Updated 2026-03-20 · Calculated at 7% average annual return (S&P 500 historical average)
Starting at age 40, saving $1,000/month at 7% average annual return (S&P 500 historical average). The "Monthly Income" column shows what you could safely withdraw using the 4% rule.
| Year | Total Contributed | Investment Growth | Portfolio Value | Monthly Income (4% Rule) |
|---|---|---|---|---|
| 5 | $60,000 | $11,593 | $71,593 | $239/mo |
| 10 | $120,000 | $53,085 | $173,085 | $577/mo |
| 15 | $180,000 | $136,962 | $316,962 | $1,057/mo |
| 20 | $240,000 | $280,927 | $520,927 | $1,736/mo |
You may have a gap. For $50K/year retirement expenses, you would need approximately $1,250,000. Your projected $520,927 leaves a gap of $729,073. Consider increasing your monthly savings, working a few extra years, or supplementing with Social Security and other income.
Starting at 40 still gives you 20 good years of compounding. While starting earlier would be ideal, 20 years is enough time for compound interest to significantly multiply your savings — 54% of your final balance is from growth.
It depends on your target retirement income. $1,000/month from age 40 builds $520,927 by age 60, providing $1,736/month via the 4% rule. If you need $50,000/year, you would need approximately $1,250,000, leaving a gap of $729,073. Consider increasing your monthly savings or delaying retirement.

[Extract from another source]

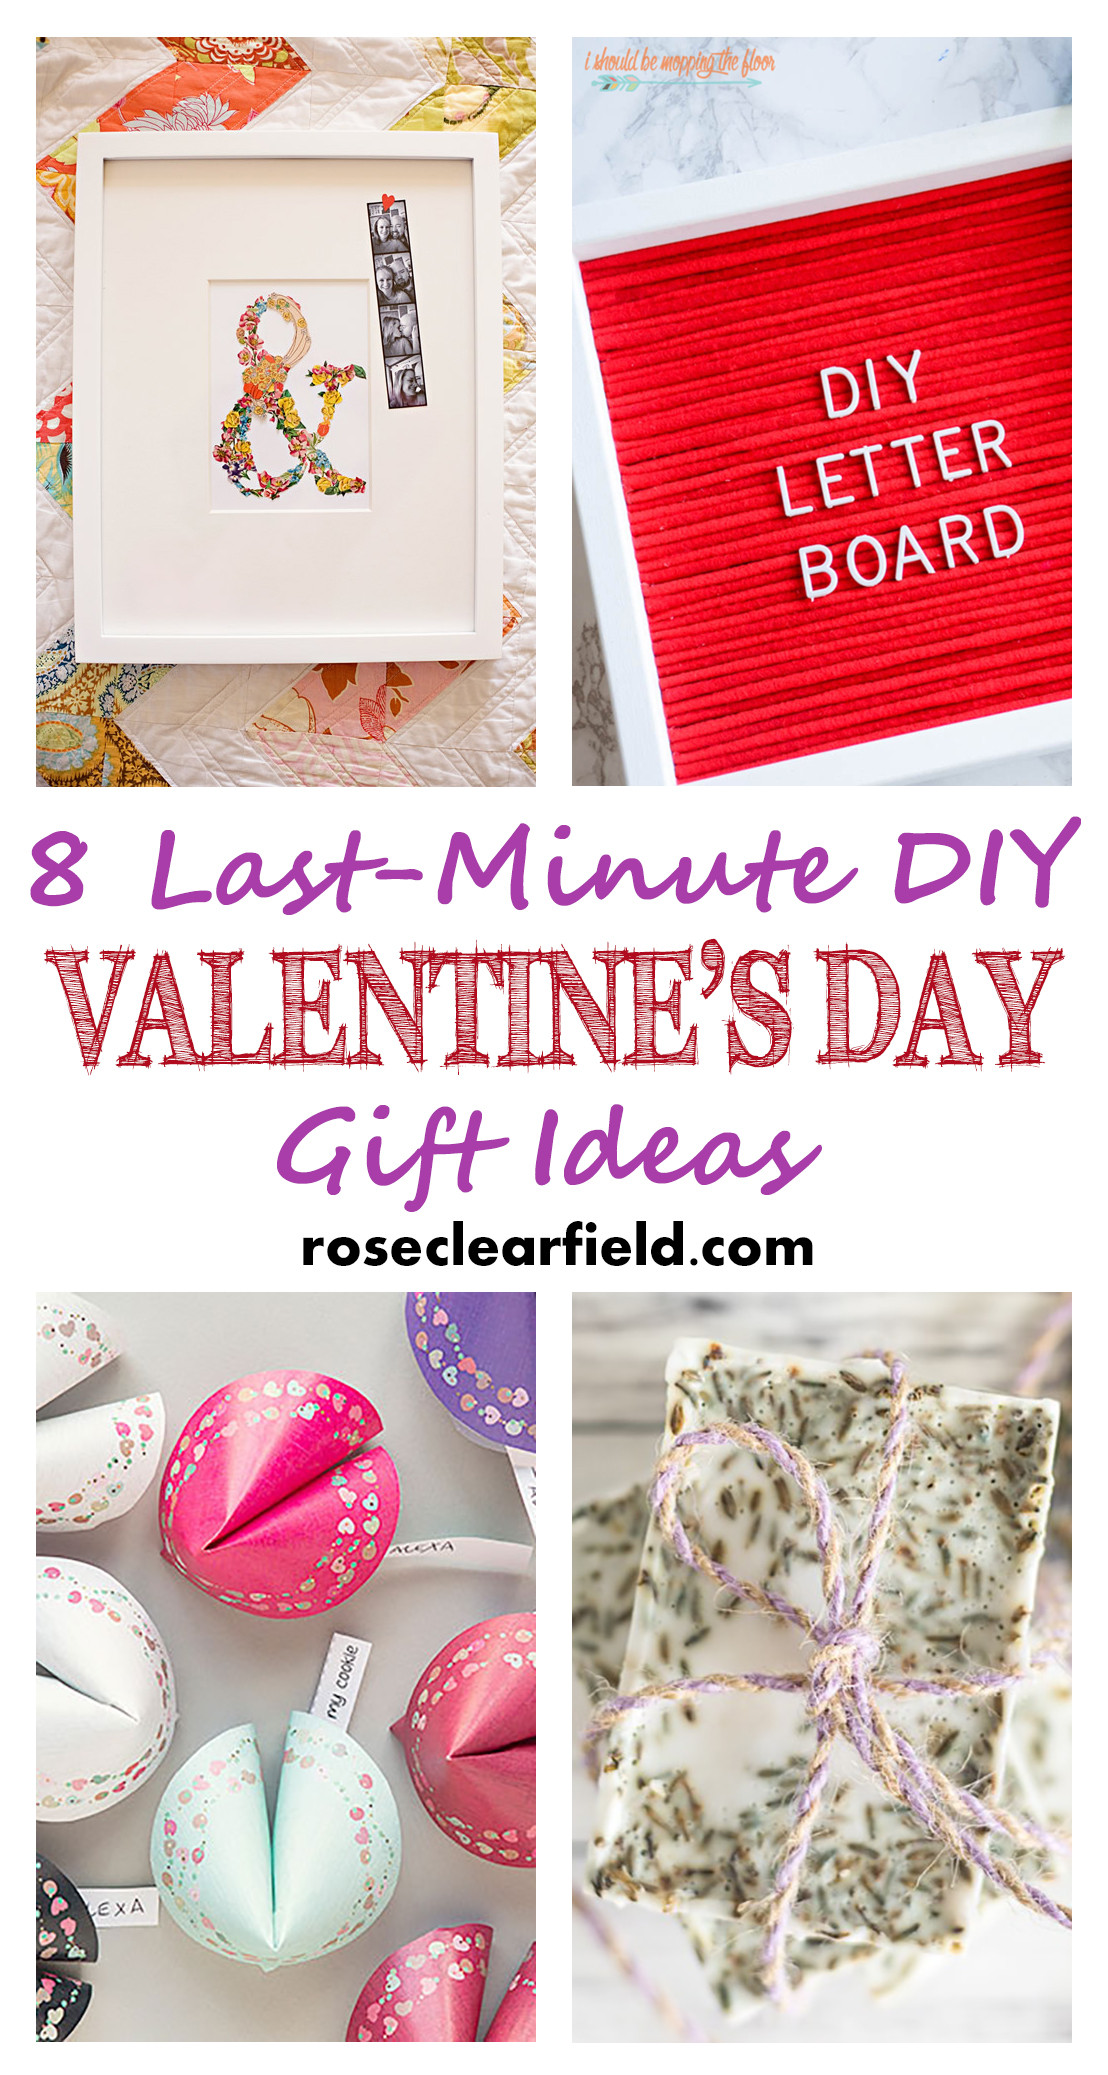 Last Minute Valentines Day Ideas
 Last Minute DIY Valentine s Day Gift Ideas • Rose Clearfield

The 4% rule states that you can safely withdraw 4% of your retirement portfolio each year without running out of money over a 30-year retirement. With a $520,927 portfolio, that means $20,837/year or $1,736/month. This rule was developed from the Trinity Study analyzing historical market returns.
Out of your $520,927 total, $240,000 comes from your own contributions and $280,927 (54%) comes from investment growth. This shows the power of compound interest over 20 years. The earlier you start, the more growth does the heavy lifting.